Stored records
========================

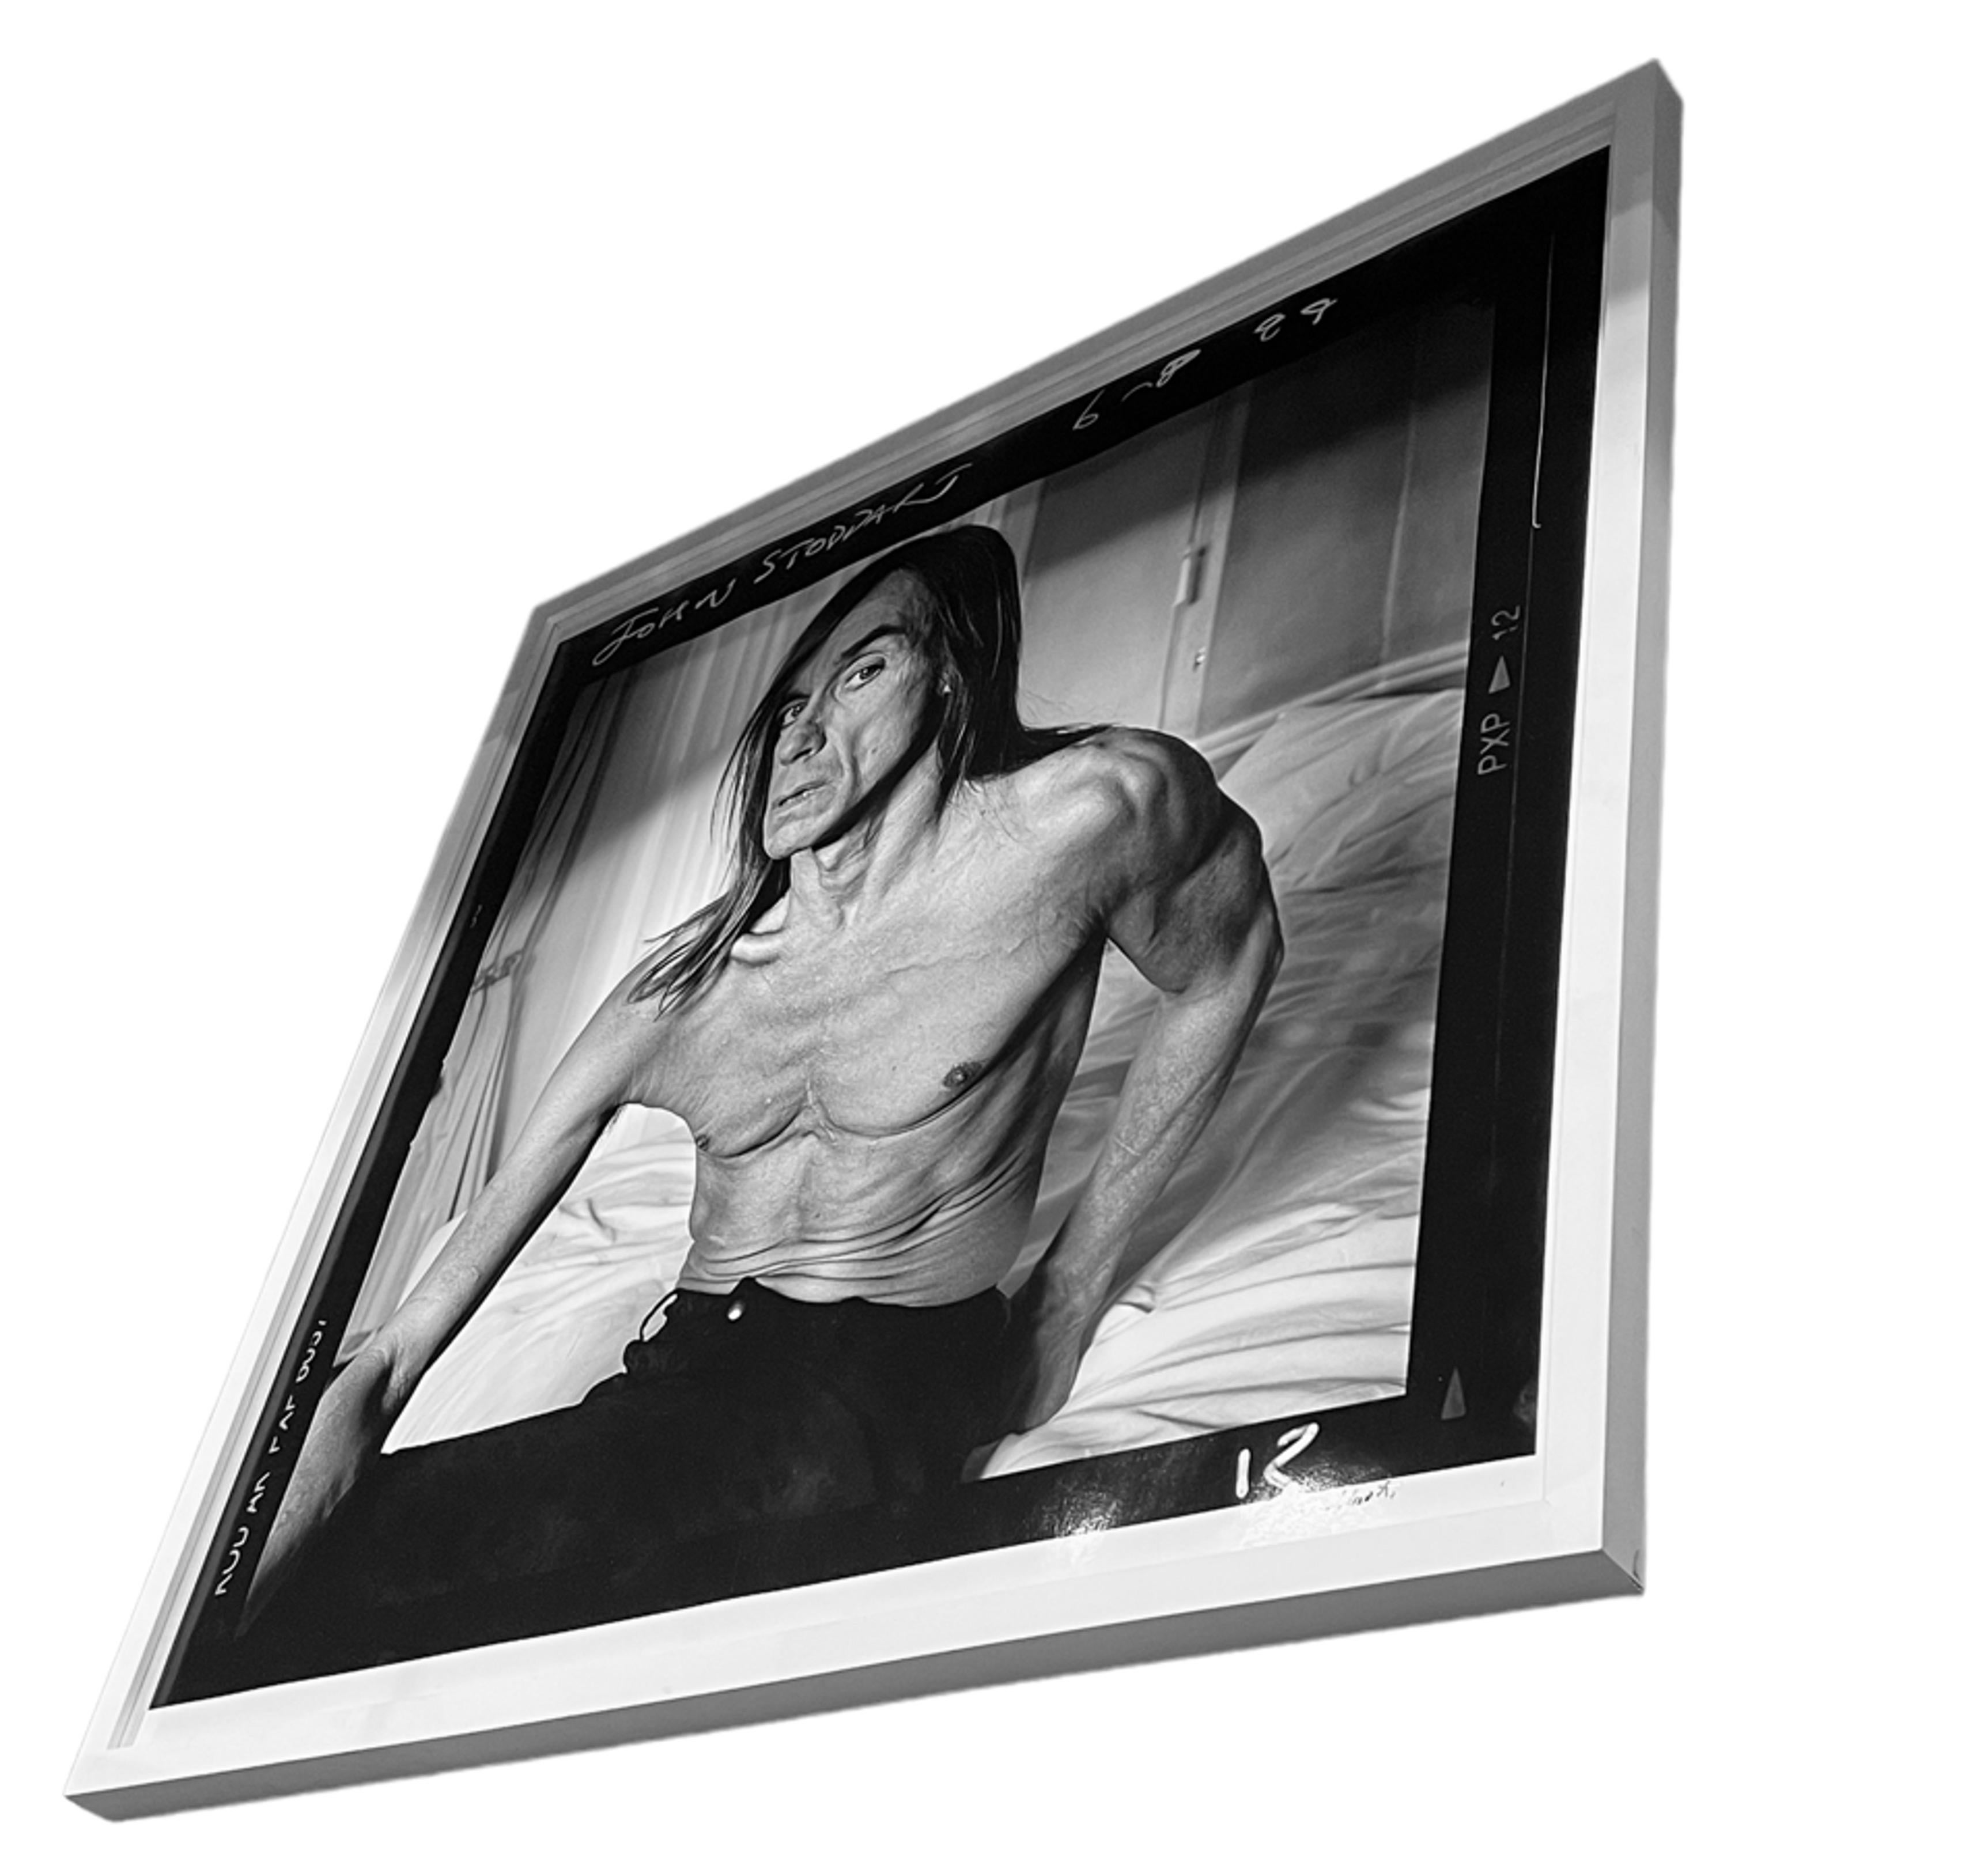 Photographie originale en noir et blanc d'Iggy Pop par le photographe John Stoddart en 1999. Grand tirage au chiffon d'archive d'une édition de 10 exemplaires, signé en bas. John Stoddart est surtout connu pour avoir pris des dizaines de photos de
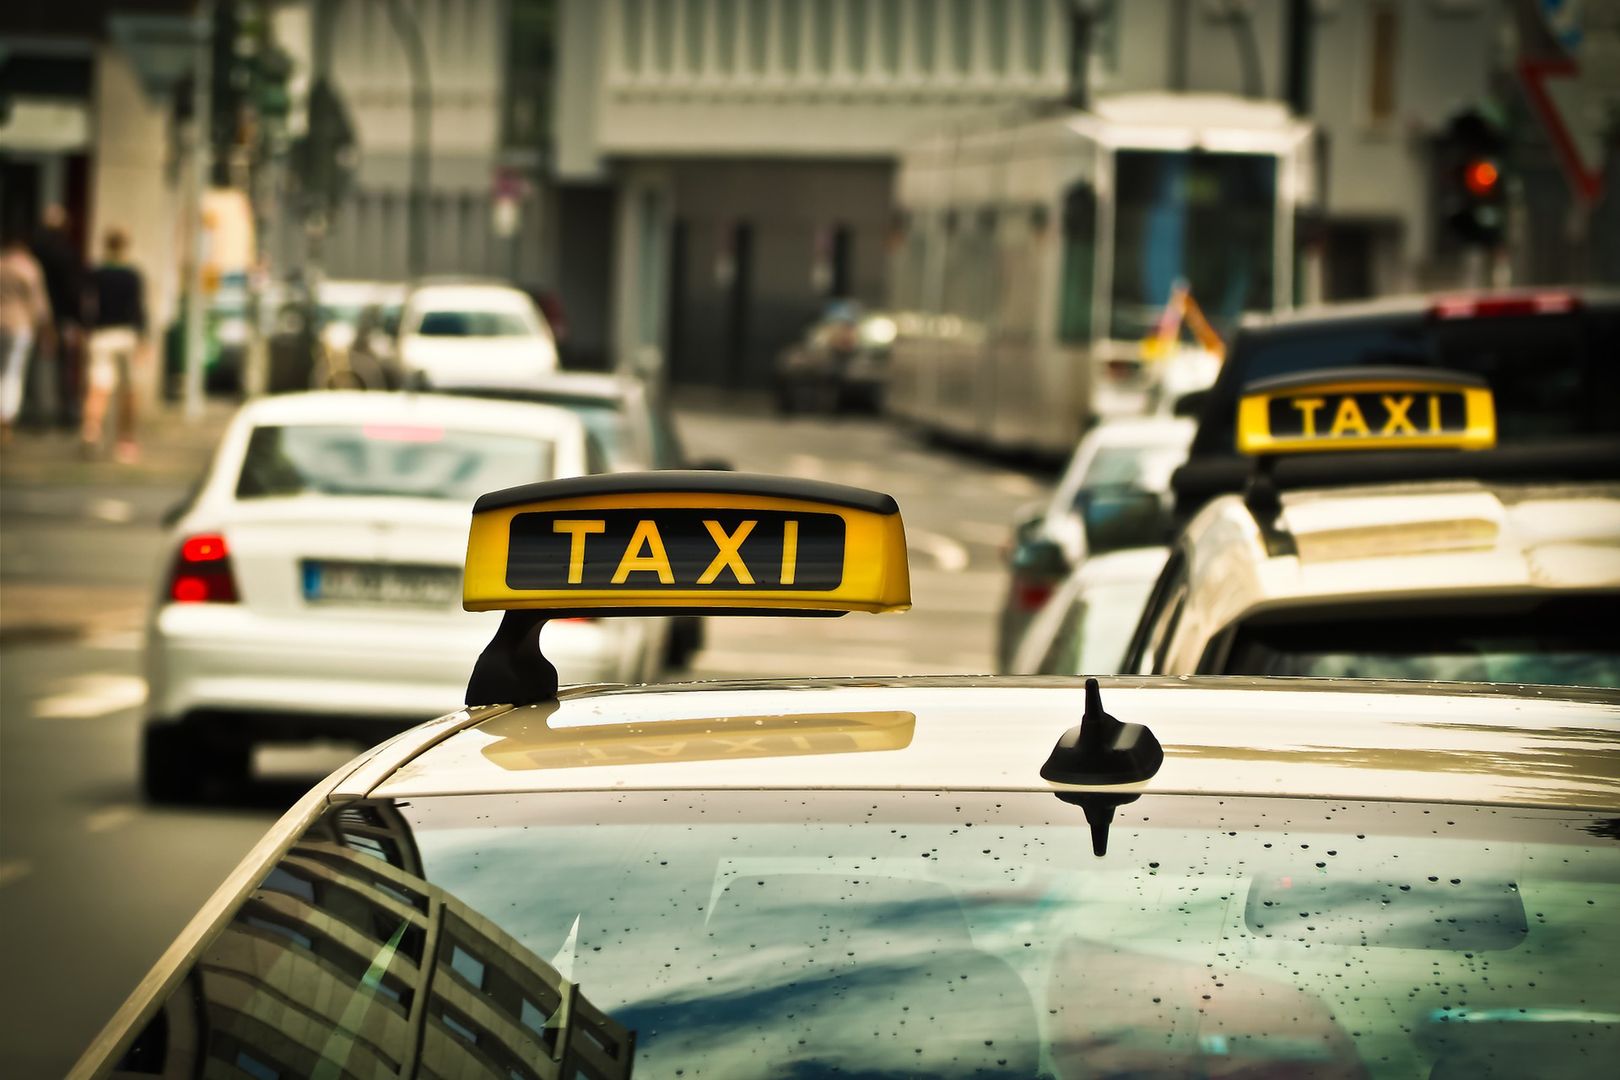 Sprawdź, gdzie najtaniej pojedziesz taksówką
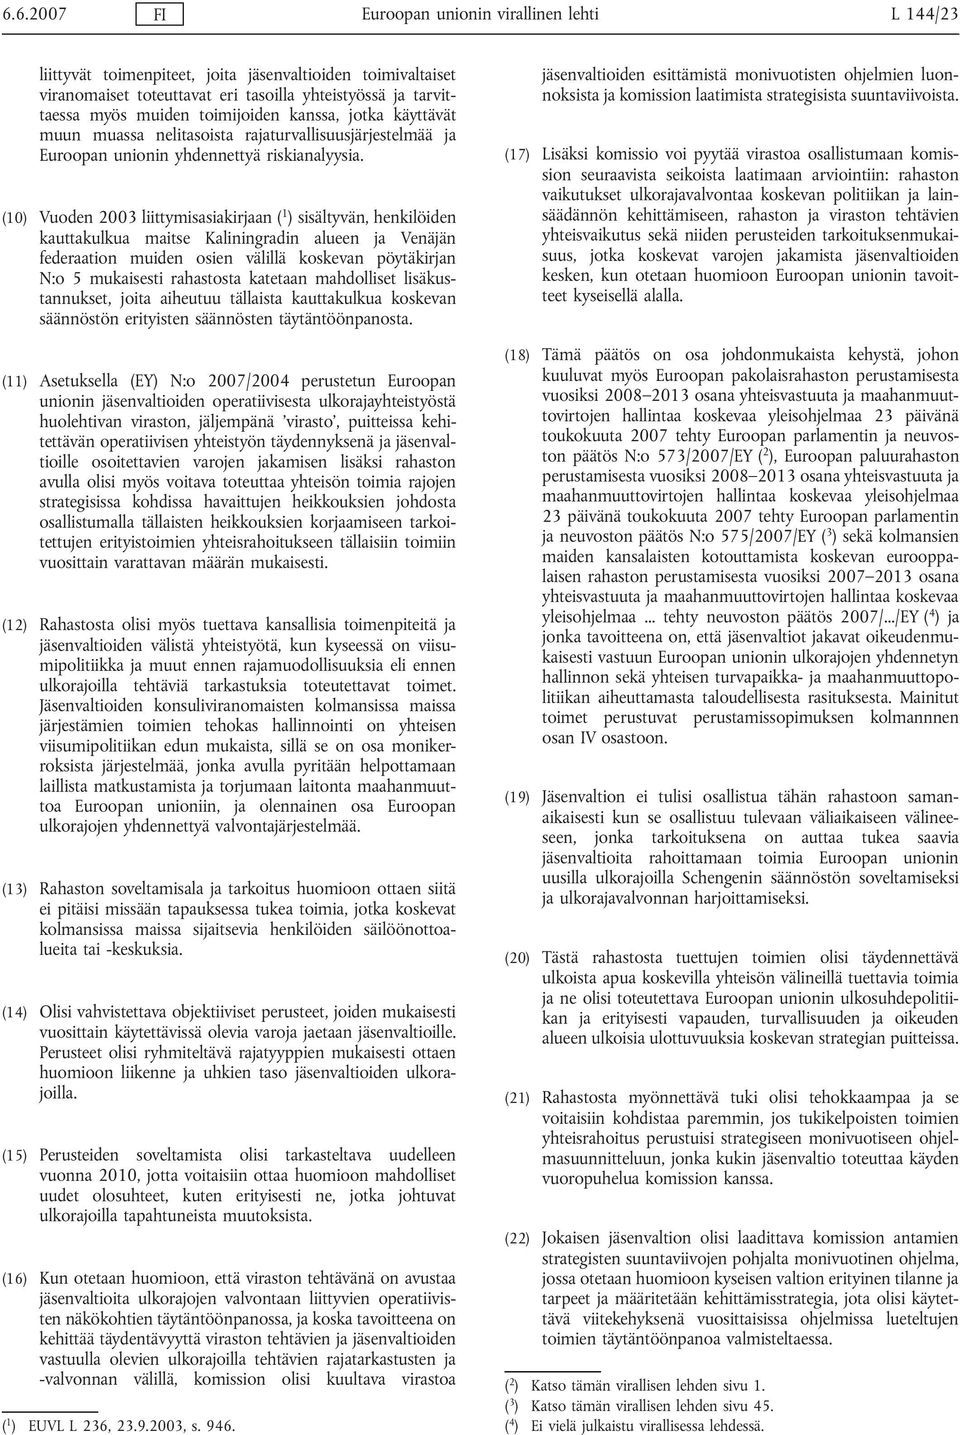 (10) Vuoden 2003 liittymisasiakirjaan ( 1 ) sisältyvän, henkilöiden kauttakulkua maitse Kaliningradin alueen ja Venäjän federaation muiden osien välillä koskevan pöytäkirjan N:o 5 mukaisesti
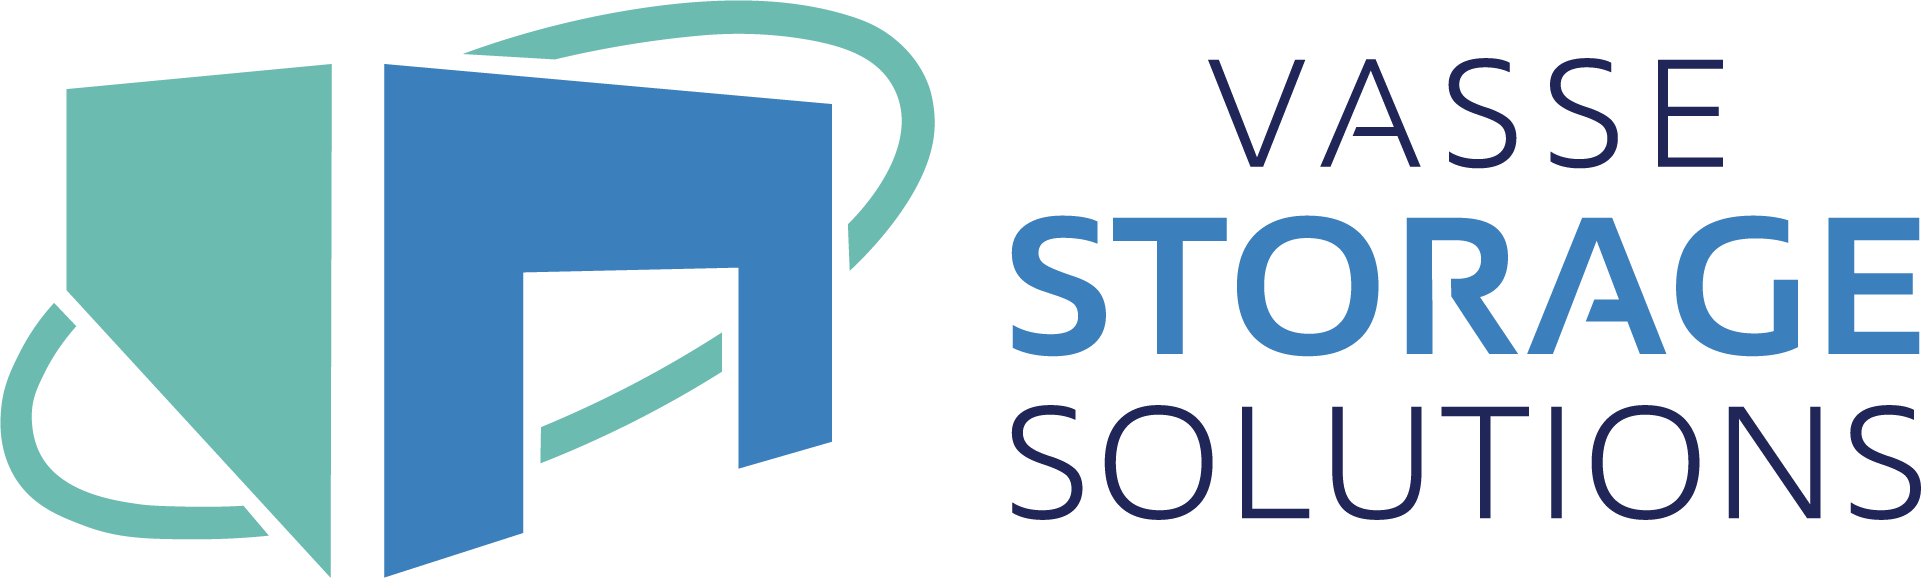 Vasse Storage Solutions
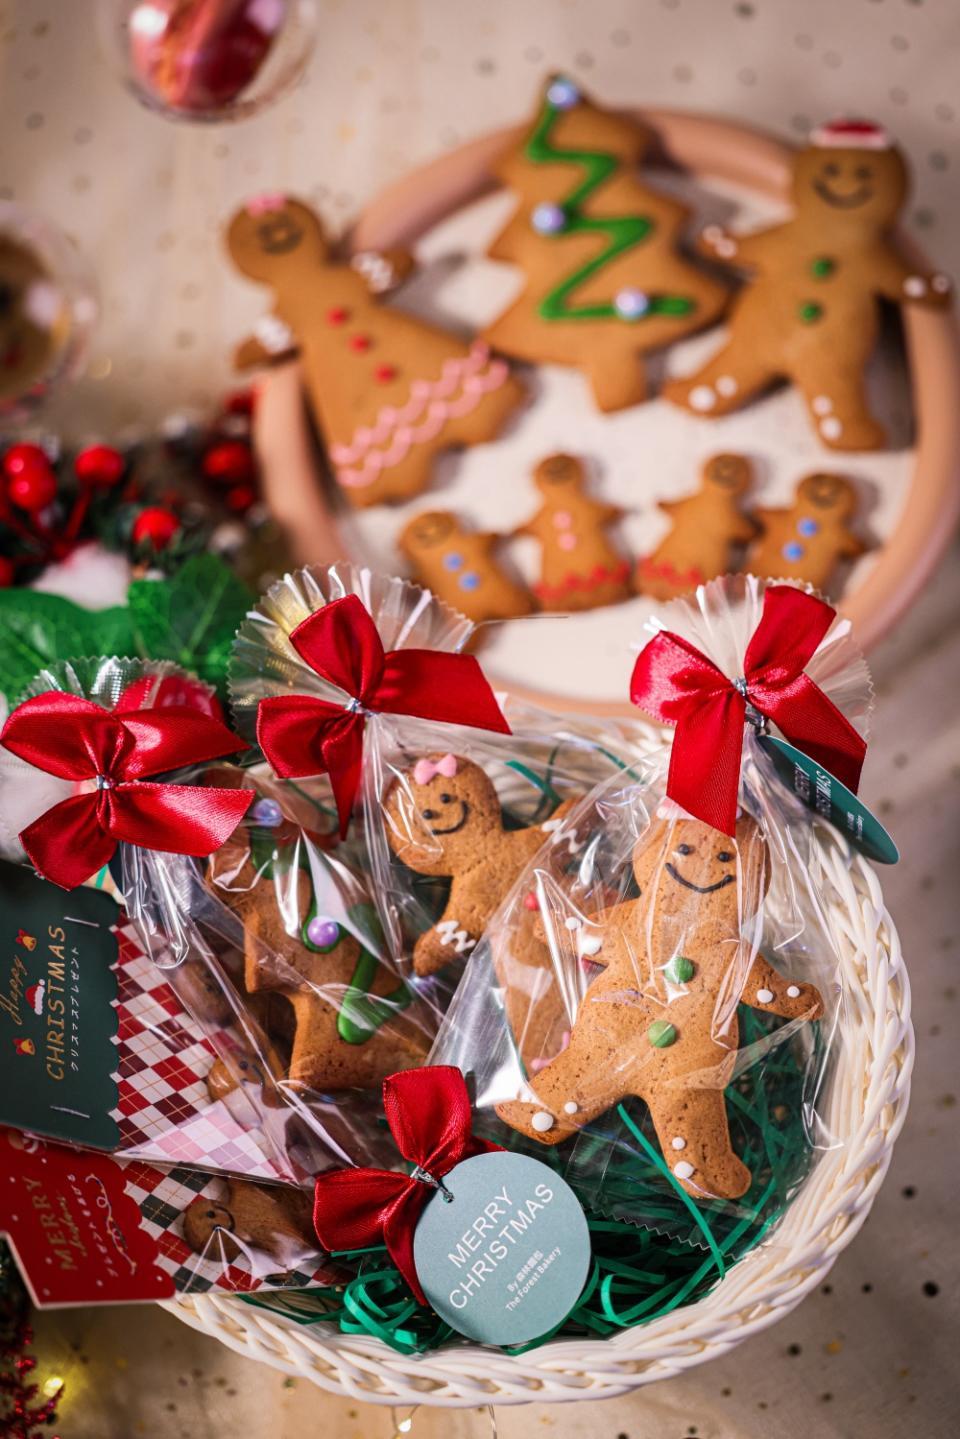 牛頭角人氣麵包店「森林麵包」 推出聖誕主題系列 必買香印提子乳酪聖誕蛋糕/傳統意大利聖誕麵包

========================

* [EXERCISE PROMPT]:
Retype the lines exactly. Begin at the one that holds "Vasse Storage Solutions", stop at the last line of the entries above, and drop the pictures.

* [WRITTEN SOLUTION]:
 Vasse Storage Solutions
 牛頭角人氣麵包店「森林麵包」 推出聖誕主題系列 必買香印提子乳酪聖誕蛋糕/傳統意大利聖誕麵包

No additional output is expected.